Why It Could Happen in Bodybuilders

There isn’t much scientific evidence that bodybuilders are at risk of burnout. Studies have tried to overtrain strength training athletes, but results are inconclusive [1] [7].

For bodybuilders, one scenario stands out: contest preparation.

Contest prep has the typical hallmarks of overtraining: intense exercise and under recovery. Bodybuilders will often ramp up cardio and drastically reduce calories before a show. This comes in addition to their intense strength training routine.

A bodybuilding contest is hard on the body, and underlines how crucial recovery is after the show.


Myth #5: You Can Quickly Recover From Overtraining

Answer: Recovering from overtraining can take months, in some cases years [11].

"Recovering from overtraining can be a lengthy process, taking anywhere from several weeks to several months. The recovery period varies depending on the individual."

Brandon Roberts, PhD.
Captain & Research Physiologist, US Army.

The table below shows how much time you need to fully recover.

Time to recover Description
Less than a week Normal training
1-2 weeks [5] Overreaching (functional overreaching)
2-4 weeks [5] Non-functional overreaching
4+ weeks [5] [8] [12] Overtraining

If you’re taking a break from normal training, you should be fully recovered within days.
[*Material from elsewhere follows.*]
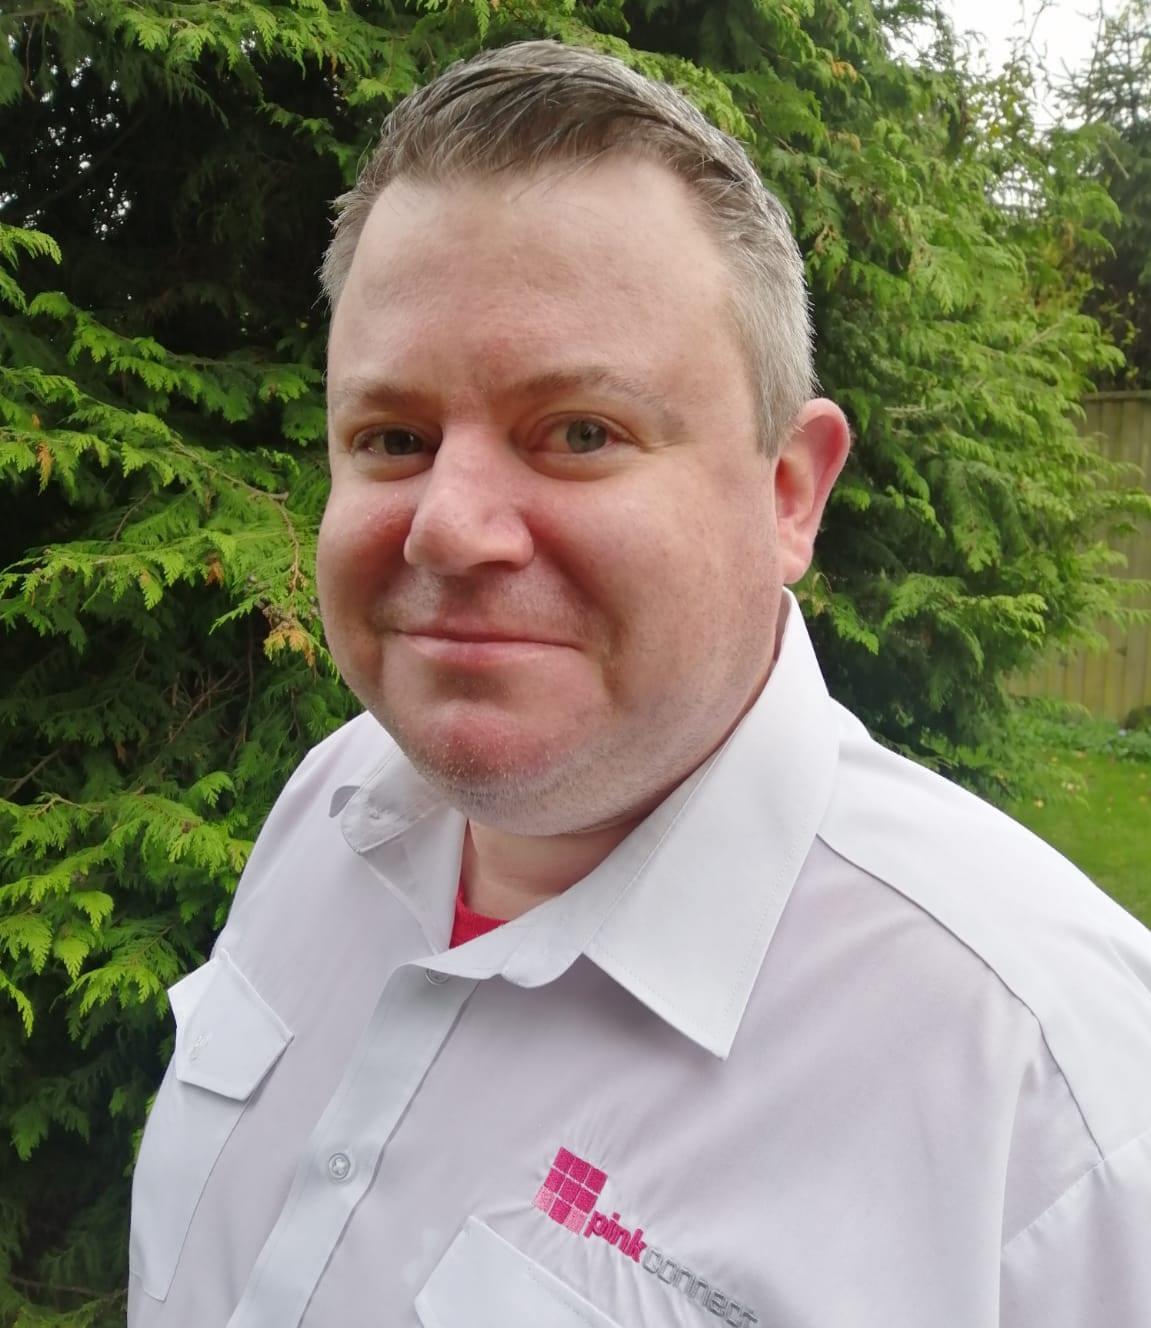 David Hartry

If you’re overreaching (exceeding your capacity), your body should recover and improve within 1-2 weeks [5]. This is known as functional overreaching. Many athletes and lifters use intense periods of training as part of their training plan. If done properly, overreaching boosts training progress and performance gains.

If you’re overreaching far beyond your capacity, then you will fully recover within 2-4 weeks. This is known as non-functional overreaching [4]. If you keep pushing yourself beyond this stage, you may become overtrained [4] [5] [7].

Overtraining only happens when you need at least 4 weeks of rest to recover [8]. But, in many cases, overtraining can take several months to recover from [4] [11]. In the worst cases, years [11].


My own experience: coming close to overtraining

I have personally never experienced overtraining syndrome. And I am glad for that.

Yet, I did come close, one time.

It was during my early 20s, when I trained 1-2 times per day. I would swim, run, and do strength training. I didn’t eat enough to recover from the workouts.

The first thing I noticed was a loss of performance. I couldn’t lift the same weights in the gym. And my lap times would increase. I persisted under the idea that I had to work harder in order to regain my “lost strength”. I was convinced that taking time off would further deteriorate my performance.

At some point, I had to force myself to take time off. I trained very lightly for 3 weeks. After that, I spent some weeks working myself back to my previous performance. Given the recovery time and loss of performance, I would say I was non-functionally overreached.

It was a useful experience. I learned that there is no shame in resting. And the mentality that “more is always better”, can be harmful. Yes, you have to push yourself to reach new heights. But leaving your foot on the gas for too long can have the opposite effect.